Элина твердо решила в первый же вечер накрыть обед здесь, на обычном месте, ничего не менять в их привычках, — она знала, что потом будет еще тяжелее вернуться к прежнему укладу. И до чего же умно поступила эта кроткая, рассудительная девушка! В тепле уютной гостиной, озаренной светом лампы и огнем камина, сердечная боль несчастной матери понемногу утихает. Как всегда бывает после сильных потрясений, г-жа Эпсен ест с большим аппетитом, мало-помалу успокаивается, мысли ее принимают другое направление. Ведь она, право же, сделала все, чтобы старушке было хорошо, чтобы та ни в чем не нуждалась до последнего дня. А каким утешением было дружеское участие в тяжелые минуты! Сколько народу пришло на эти скромные похороны! Процессия растянулась по всей улице. Приехали все ее прежние ученицы: Леони д'Арло, баронесса Герспах, Полина и Луиза де Лостанд — все, все до единой. А надгробное слово говорил пастор Оссандон — такой чести он теперь не удостаивает и богачей ни за какие деньги, — декан богословского факультета Оссандон, знаменитый проповедник протестантской церкви, которого в Париже не слыхали вот уже пятнадцать лет. Как прекрасны были его слова о семейной привязанности, как трогательно он говорил о бабушке, этой стойкой женщине, которая в преклонных годах покинула родную страну, чтобы последовать за своими детьми, чтобы не расставаться с ними нн на один день!
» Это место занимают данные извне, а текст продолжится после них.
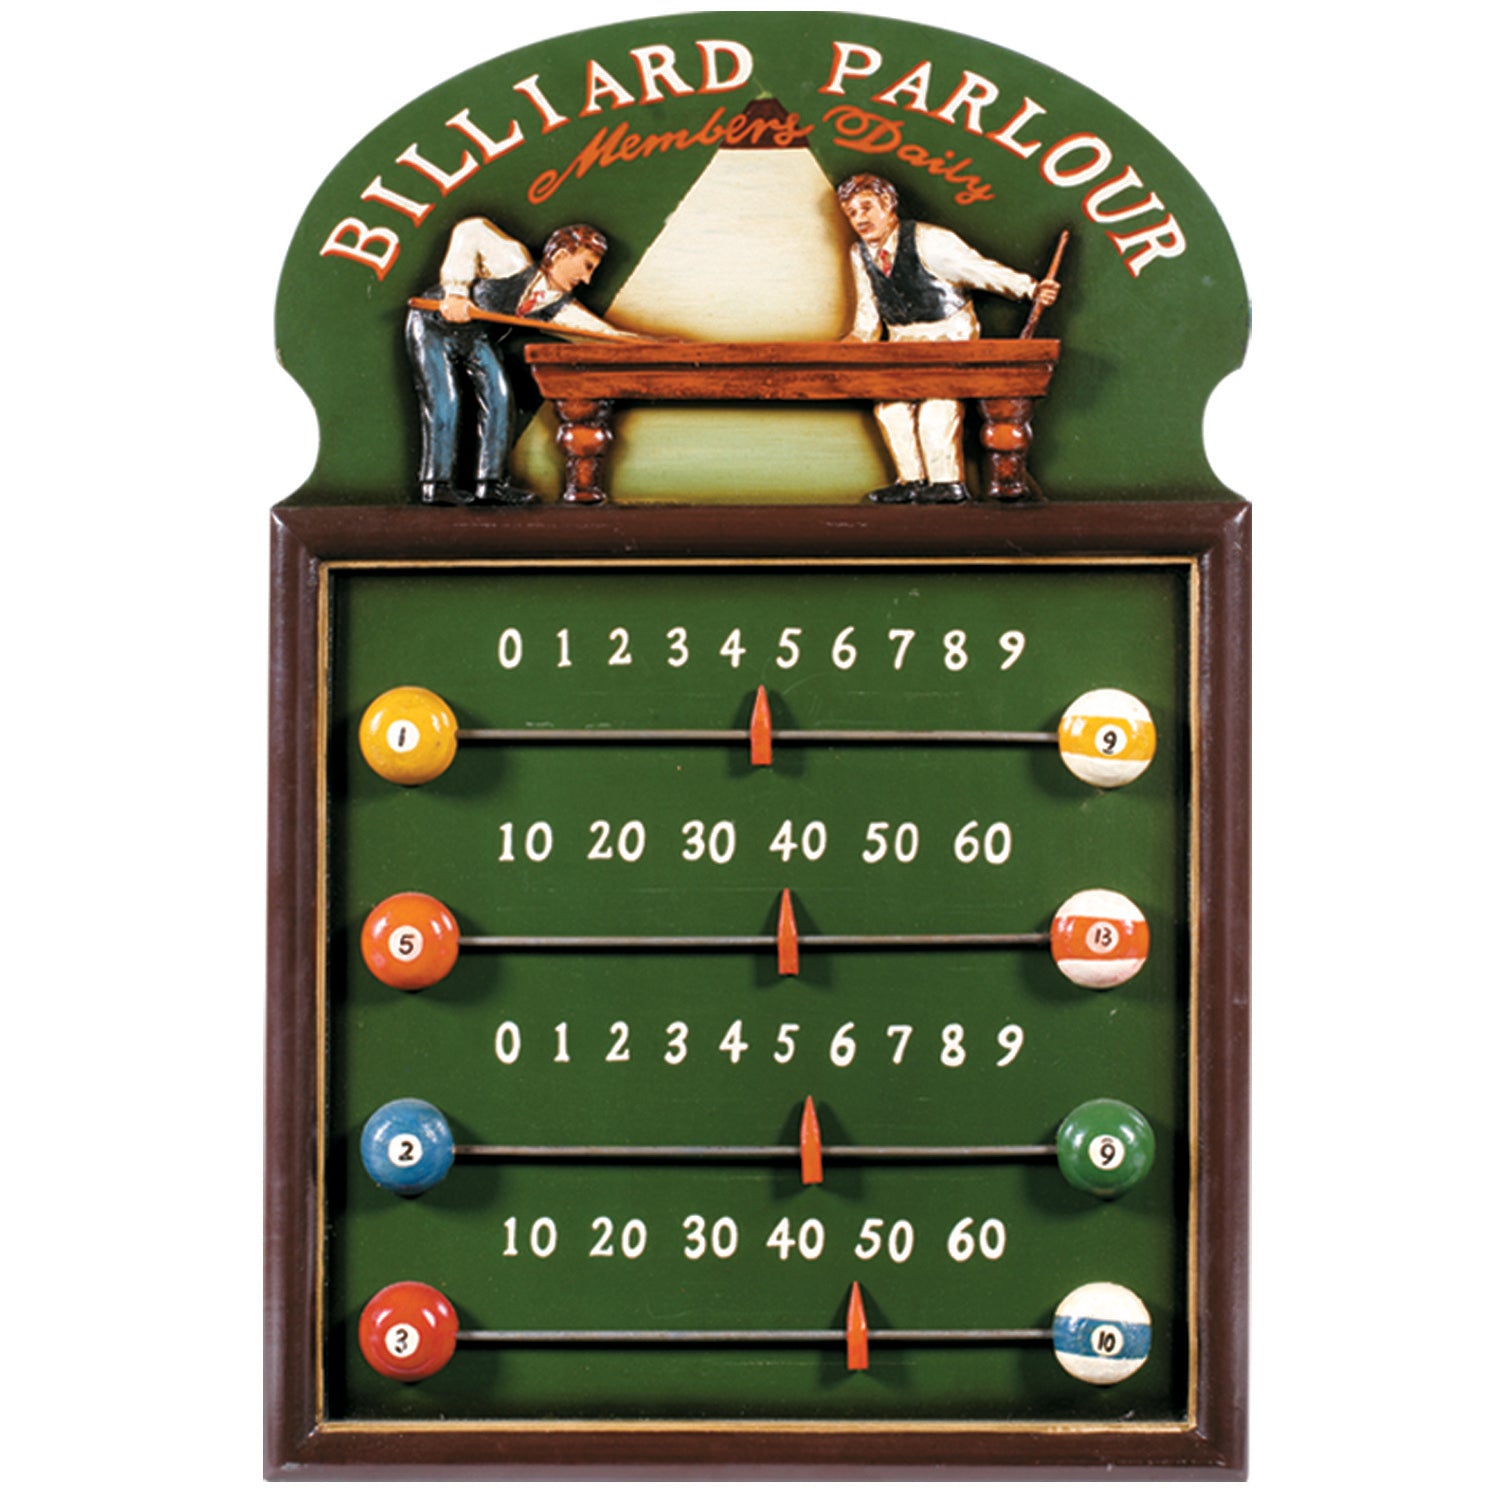 RAM Game Room “Billiard Parlour” Scoreboard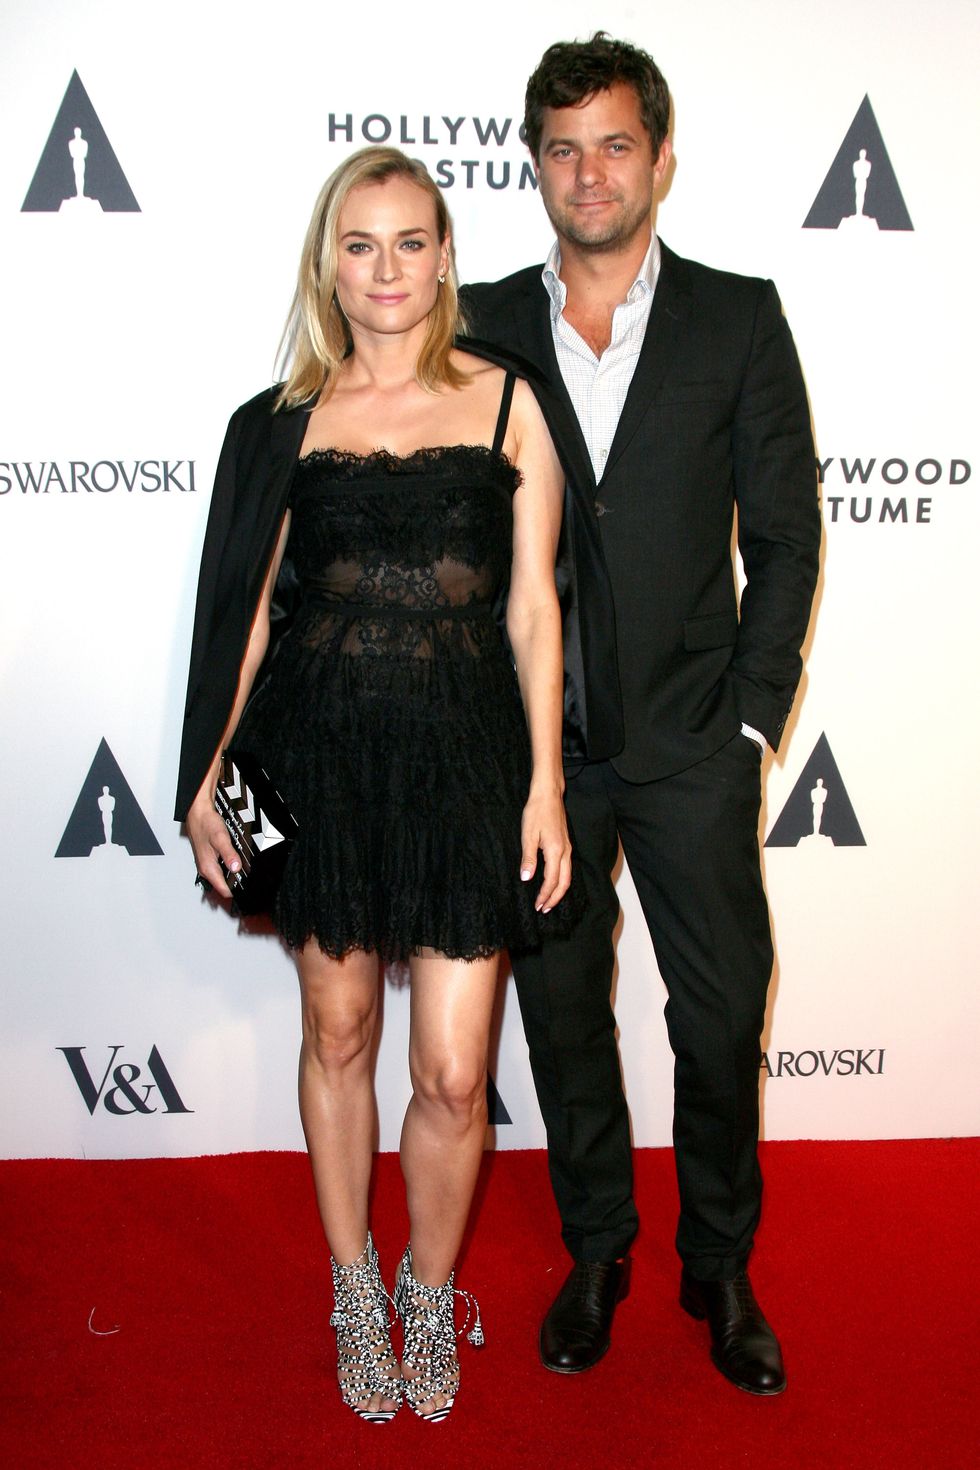 Diane Kruger and Joshua Jackson are Hollywood's most stylish couple

— Ни на отин тень… — Г-жа Эпсен вздыхает и снова заливается слезами при воспоминании о речи пастора. Обхватив обеими руками свою взрослую дочь, она со стоном восклицает:

— Мы будем крепко любить друг друга, Линетта, мы не расстанемся никогда.

Прильнув к матери, ласково гладя ее седеющие волосы, Элина отвечает тихим, нежным голосом, боясь разрыдаться:

— Никогда! Ты же знаешь, никогда…

Теплая комната, сытный обед после трех бессонных ночей, после стольких слез… Наконец-то бедная мама заснула. Неслышно ступая, Элина уносит посуду со стола, прибирает в доме, где после внезапно постигшего их несчастья все брошено в беспорядке. Она пытается заглушить свое горе работой, хлопотами по хозяйству. Но, подойдя к оконной нише с приподнятой занавеской, где бабушка проводила все свои дни, Элина замирает; у нее не хватает духу убрать эти знакомые, привычные вещицы, еще хранящие отпечаток дрожащих старческих пальцев: ножницы, очки, вынутые из футляра, закладку в томике Андерсена, начатое вязанье с воткнутым крючком, торчащее из ящика рабочего столика, кружевной чепчик с длинными лиловыми лентами, висящий на оконной задвижке.